§ EXERCISE REQUIREMENTS:
If pictures appear, leave them out, and return exactly the lines from the one holding "Bubble tea ingredients" through the last line of the listing below.

§ INFORMATION SHOWN:
________________________________________

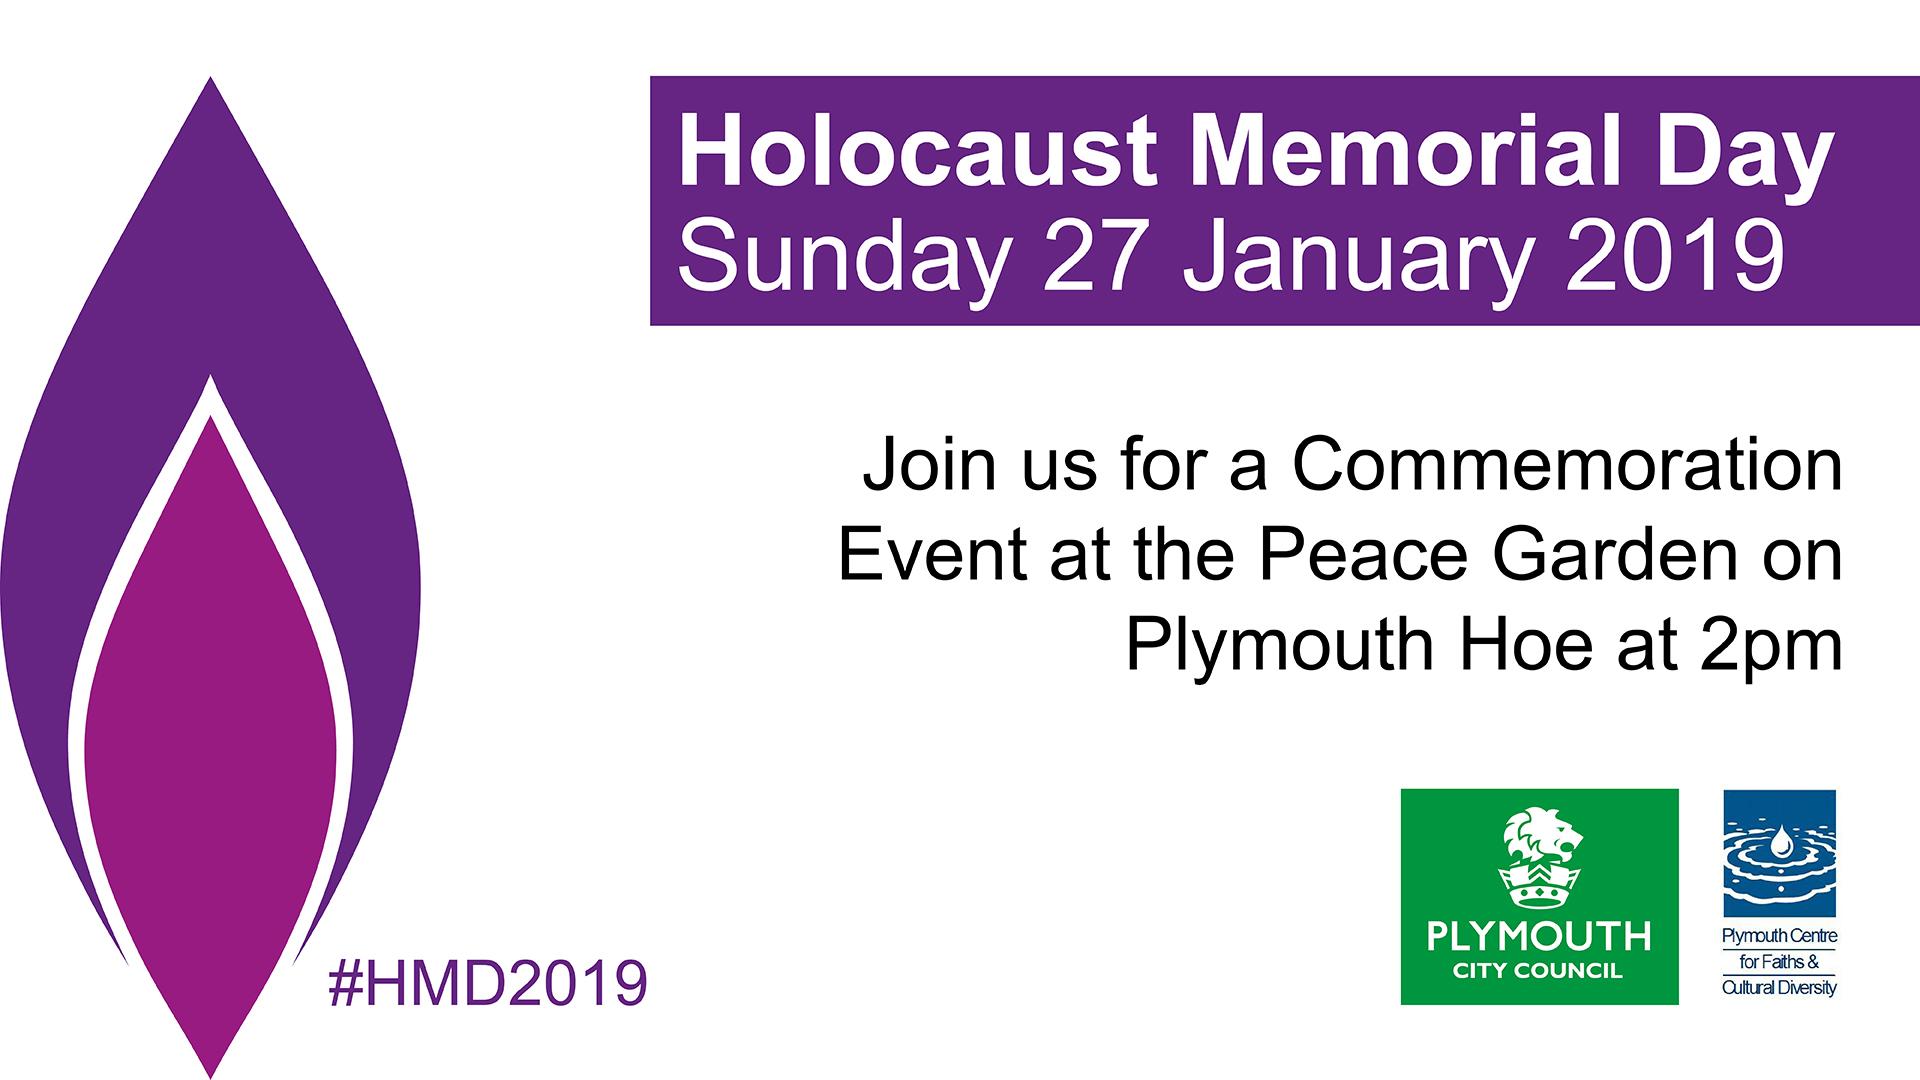 Commemoration event
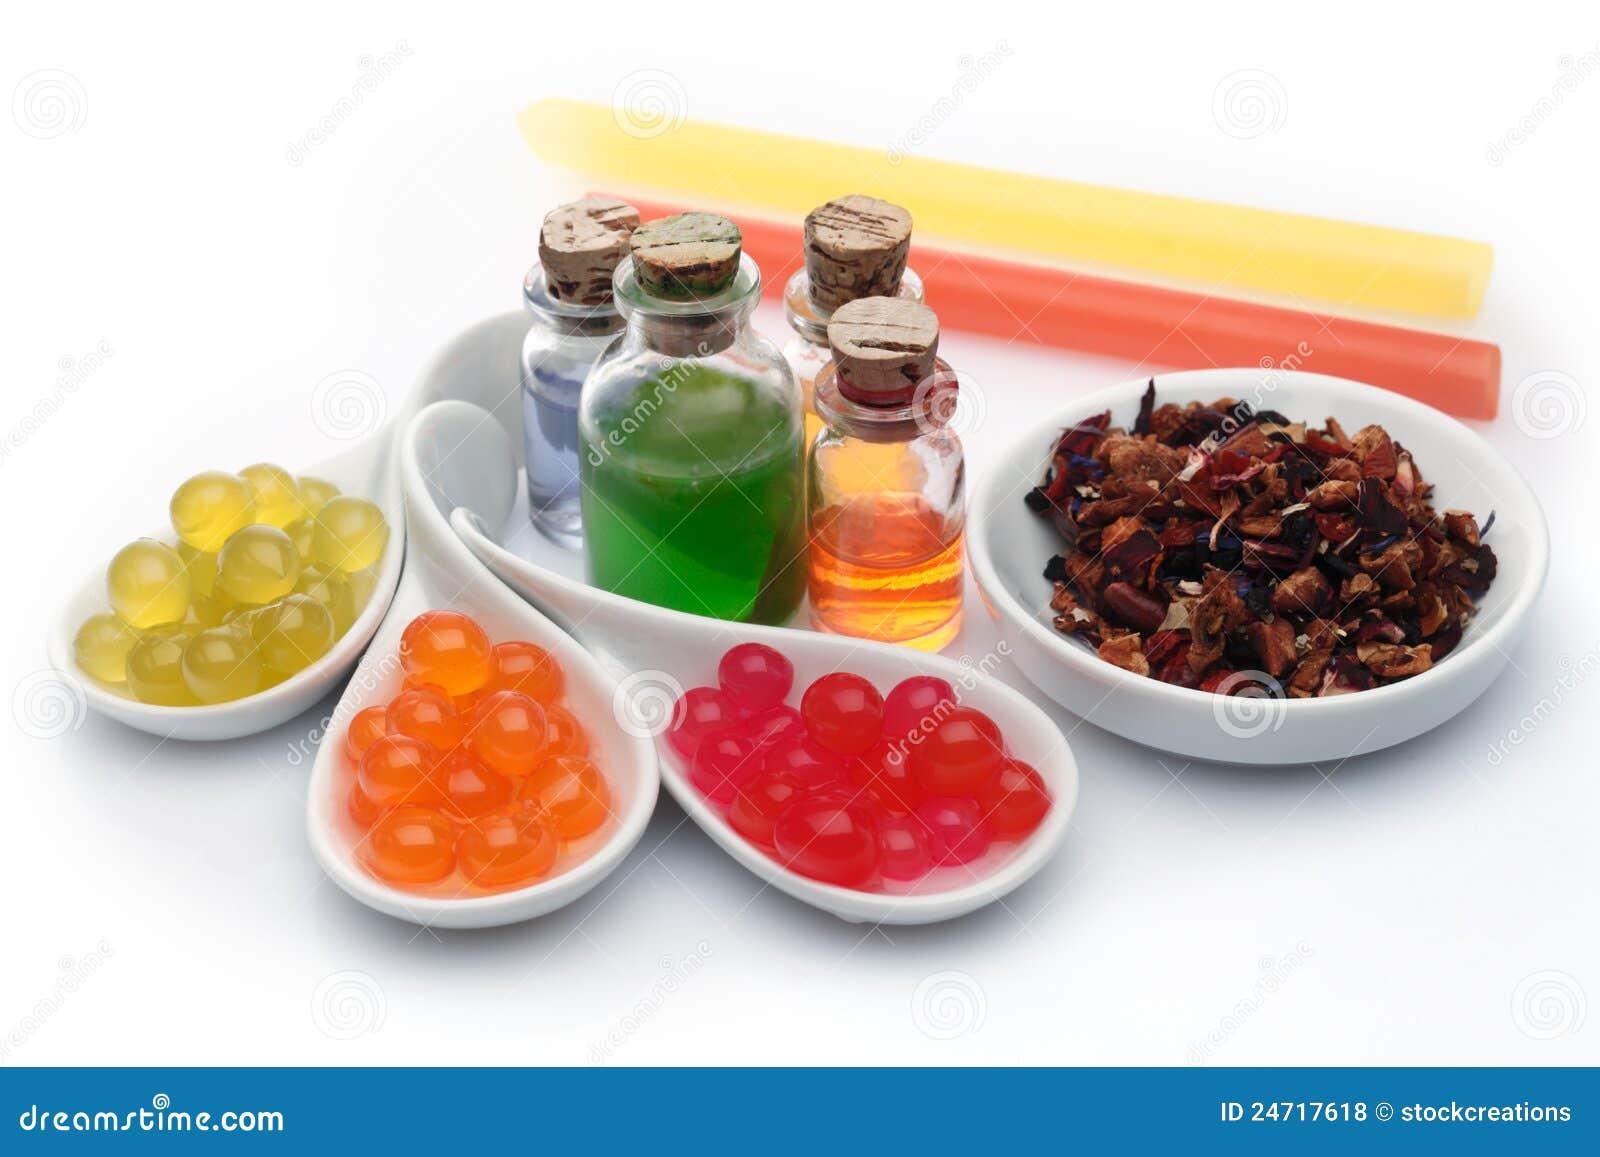 Bubble tea ingredients
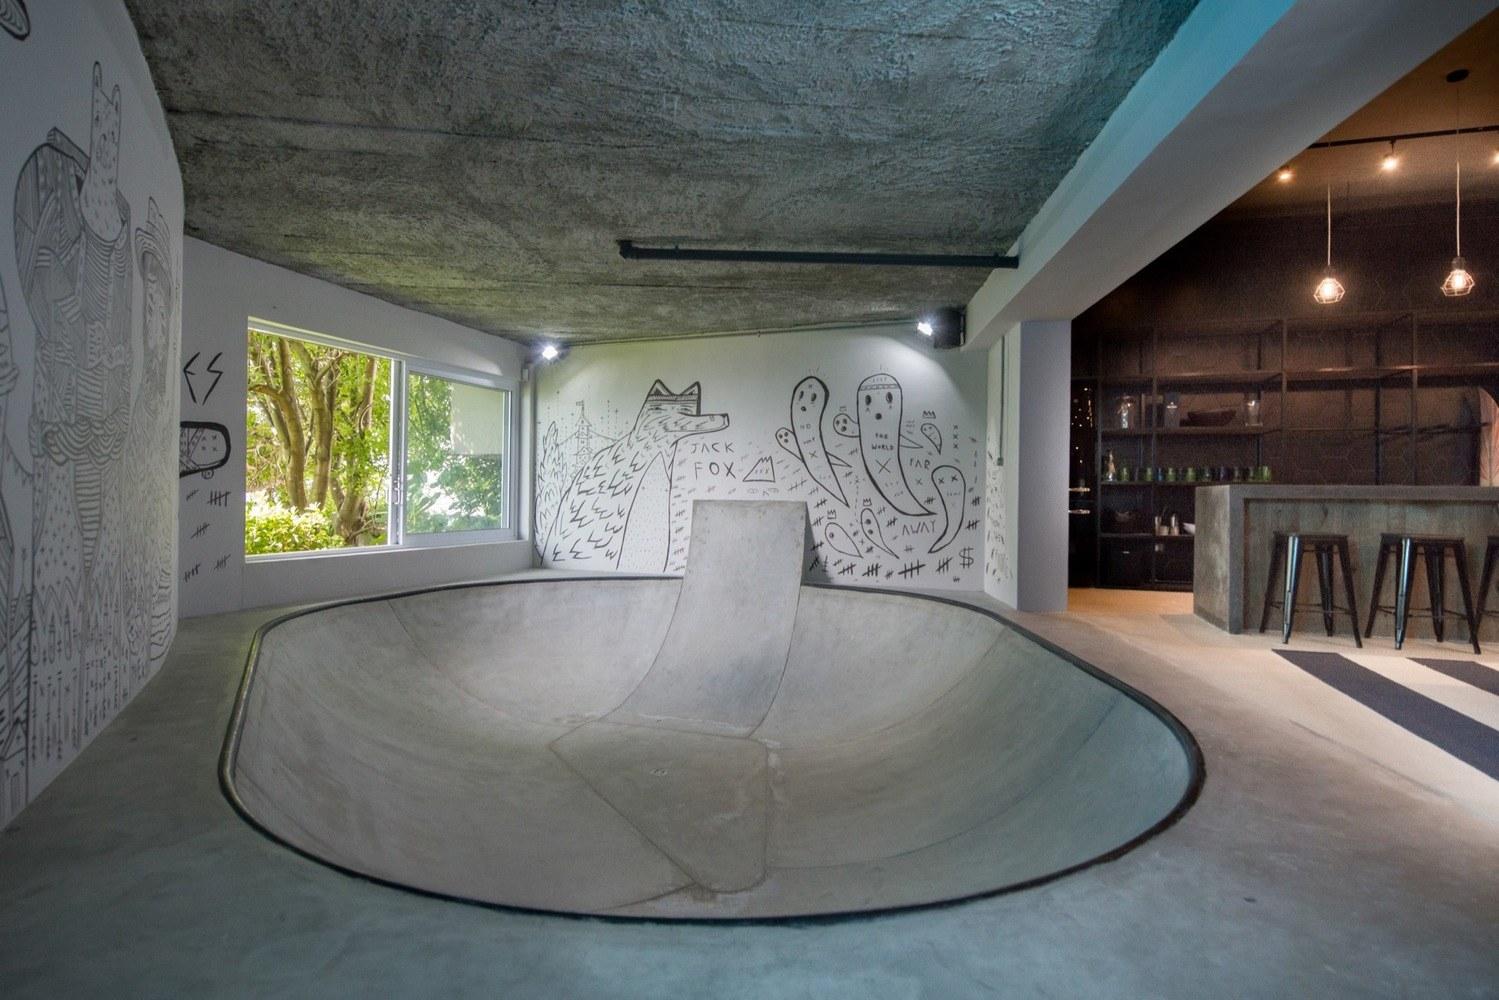 indoor skate park with custom wall art

________________________________________

§ SOLUTION FOR THIS EXERCISE:
 Bubble tea ingredients
 indoor skate park with custom wall art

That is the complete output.